The Main Unit Turbine at Little Goose Lock & Dam near Starbuck has been leaking between 300 to 600 gallons of oil into the Snake River over the last three months, the Walla Walla District Corp of Engineers estimates.
The turbine is part of the hydropower generating system at the dam and has been put into a forced outage. As repairs are made to the turbine, it has been isolated from the river. Five turbines remain in service.
“The oil is not recoverable,” a press release states, “and there were no identified sheens in the river.”
Oil absorbent booms have been placed in the Snake River as a precaution, to capture any additional leaks should they occur. Booms are used to contain oil spills and stop them from spreading.
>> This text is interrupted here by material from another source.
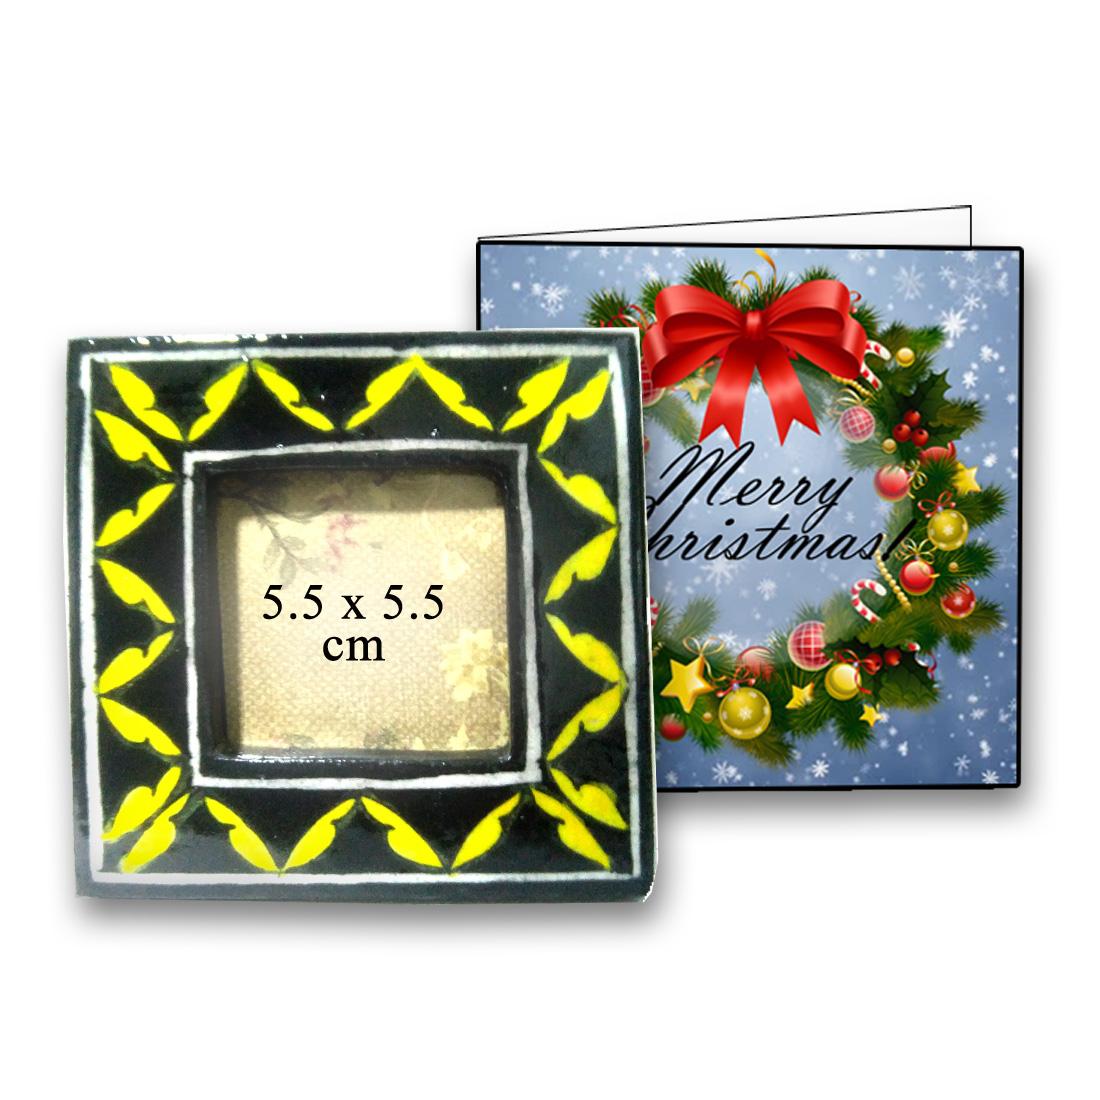 CHRISTMAS COMBO DESKTOP PHOTO FRAME AND GREETING CARD (SMALL)

“As environmental stewards, our goal is to respond swiftly and decisively during oil leak responses,” Paul Ocker, Operations Division chief for the Walla Walla District, said. “Our team at Little Goose Dam took appropriate actions to remove the turbine from service, assess and contain the leak. The turbine will remain out of service and isolated from the river until repaired.”
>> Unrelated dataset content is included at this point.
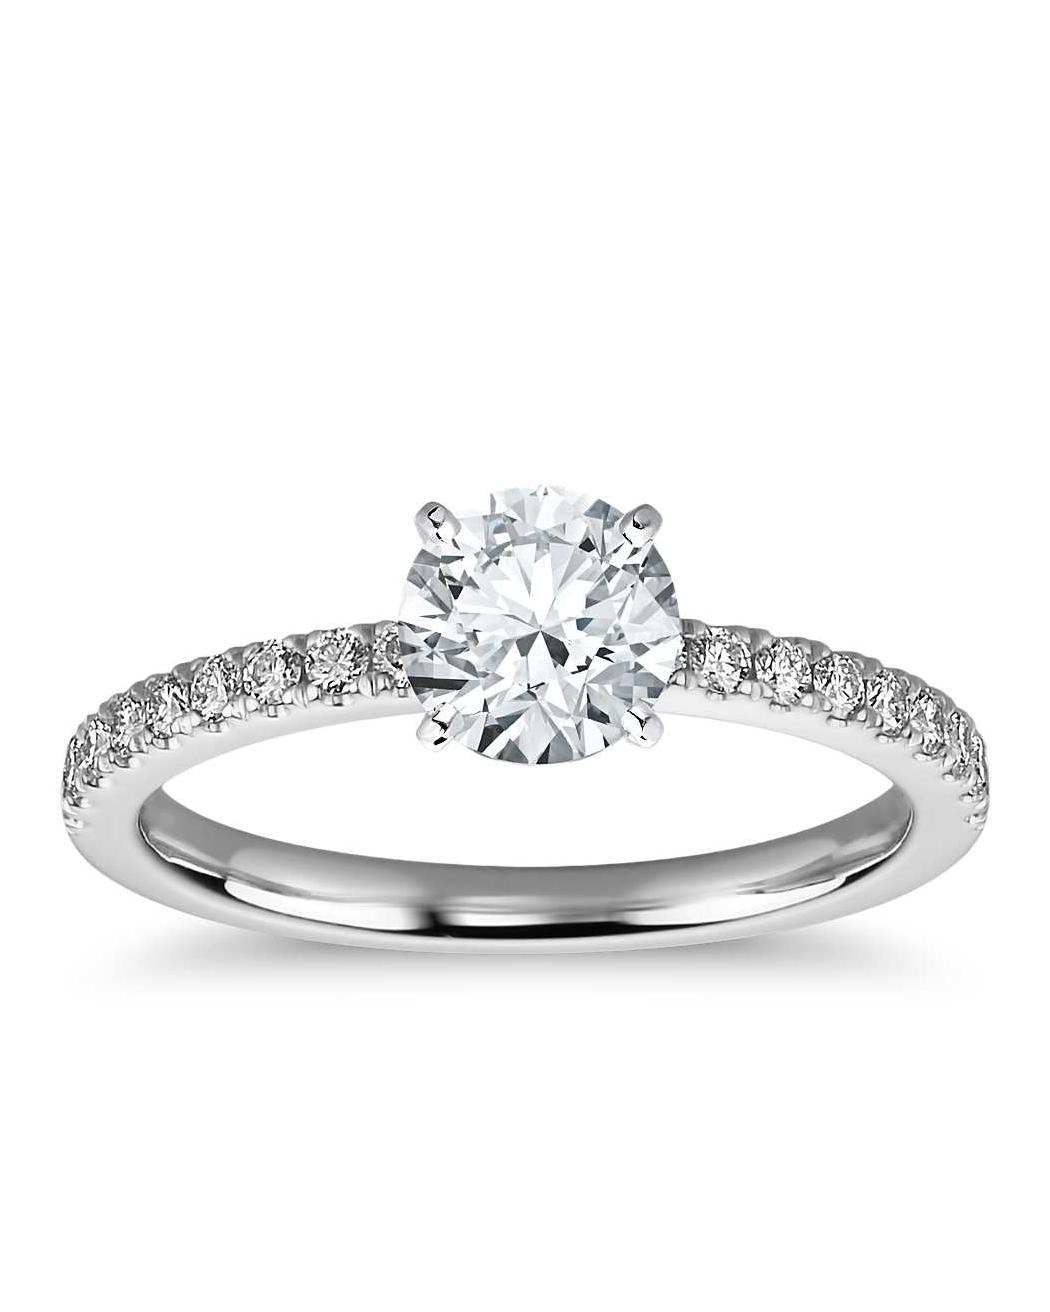 Blue Nile Petite Pave Diamond Engagement Ring

The Corp notified the Environmental Protection Agency, United States Coast Guard, Columbia River Intertribal Fish Commission, and Washington Department of Ecology.
This is like deja vu for anyone who recalls the spilling of oil at Lower Monumental Dam near Kahlotus in 2017, though that was much worse, leaking 1600 gallons of oil into the Snake River.
Apparently, oil spills from dams are fairly common in the Snake River and Columbia River. That doesn’t make them any less serious for the environment, including plant life, or any healthier for wildlife and humans.